For many that assume their is no God or doubt he exists. But it is not religious people need. It is a relationship with the living saviour Jesus Christ. Many cannot understand this unless they are truly born again and filled with the Holy Ghost and anointed.

For someone to tell me there is no God and Jesus never existed because not only does he speak to me he has got my out of foreign countries when I should have ended up in jail for years. He has got me through backruptcy. Has provided money for me when I had no human means to turn to.

When someone says there is no God then why did Jesus fulfilled over 200 prophecies.

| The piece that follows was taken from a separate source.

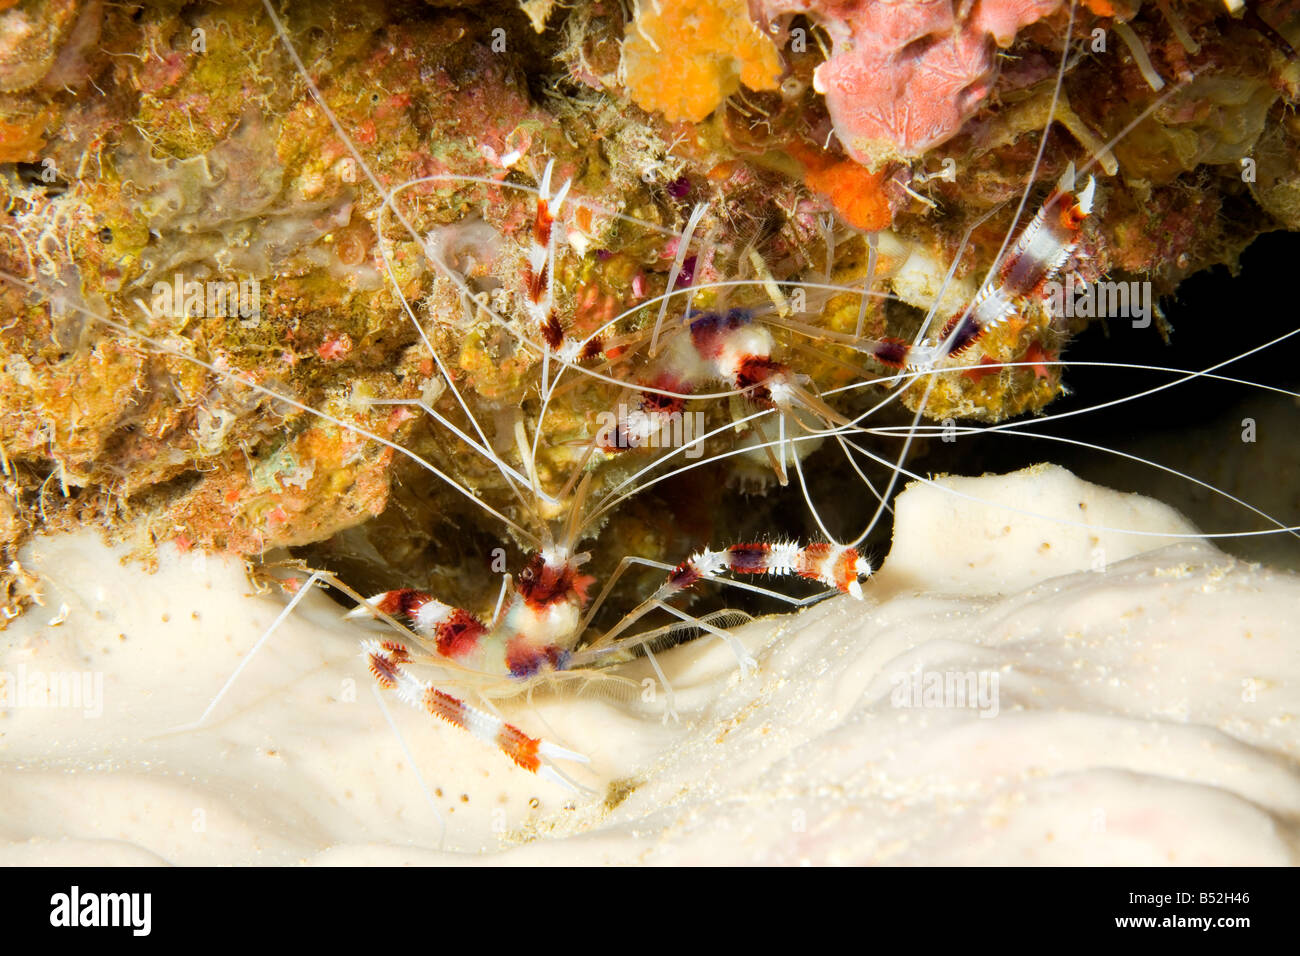 Banded coral shrimps Stenopus hispidus. Mated pair living together on the reef. The female is at the bottom. Stock Photo

Why is the economical collapse in earth right now mentioned in the new testament? Why are miracles taking place where the dead are raised, limbs grow on amputated body parts?


Think about that my friend


----------



## C.Gholy (Nov 14, 2008)

welcome aboard


----------



## wacker (Nov 14, 2008)

Welcome to the forum


wacker


----------



## Industrial (Nov 17, 2008)

hahahaha, this is why I read the intro thread.

You are very um eccentric. But welcome to the forums.


----------



## Tiamat (Nov 17, 2008)

Um... interesting introduction.  But welcome anyways.  Glad to have you.


----------



## Shinn (Nov 18, 2008)

Uh....hi there


----------